Audible – A Audible é de longe a maior loja e publicadora de audiolivros. Foram incorporados pela Amazon (não sei se eram parte dela desde o começo) e oferecem um serviço de assinatura muito bom – que valia mais quando o dólar estava mais baixo. Por $15,90 mensais, você assina o programa e tem direito a um crédito por mês, que na prática equivale a um livro. Também vendem livros individualmente, mas costumam ser bem mais caros ($22 ou mais) do que o preço para assinantes. Só compro livros à parte, sem os créditos, quando estão em promoção por $5 ou algo próximo. Aceitam cartão internacional do Brasil, embora isso restrinja o acesso a alguns títulos, dependendo do acordo que a editora tem com a Amazon – não consegui comprar a versão completa de World War Z, por exemplo. Também oferecem o primeiro mês grátis para quem se inscreve com links como o meu, o que dá uma boa oportunidade para ouvir, ver o que acha e cancelar se não gostar. E são bem práticos com refunding, quando comprei a versão errada do WWZ, me devolveram meu crédito na hora.
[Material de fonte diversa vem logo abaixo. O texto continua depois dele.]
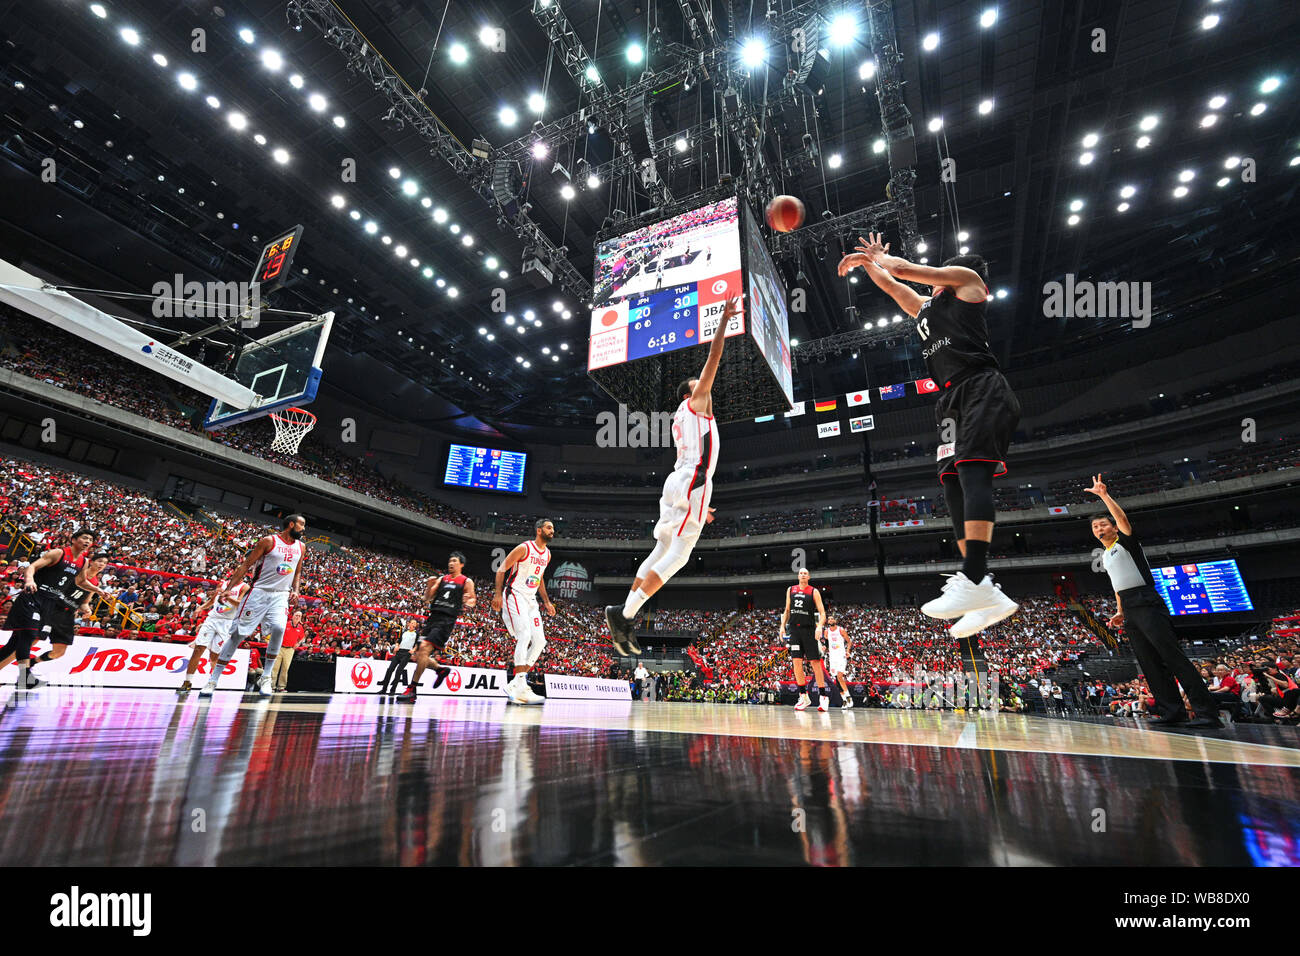 Saitama Super Arena Saitama Japan Credit Matsuo 25th

Audiolivro + ebookAmazon – Adoro meu Kindle e a Amazon é quem oferece de longe a maior diversidade de títulos que podemos comprar sem precisar esperar os Correios. E com a conta internacional, passaram a integrar a versão em áudio junto dos ebooks, muitas vezes por um preço excelente. Por várias vezes deixei de comprar um audiolivro pela Audible porque se comprasse o ebook para Kindle e adicionasse o audiolivro, o preço final era bem próximo, se não o mesmo (como ao lado).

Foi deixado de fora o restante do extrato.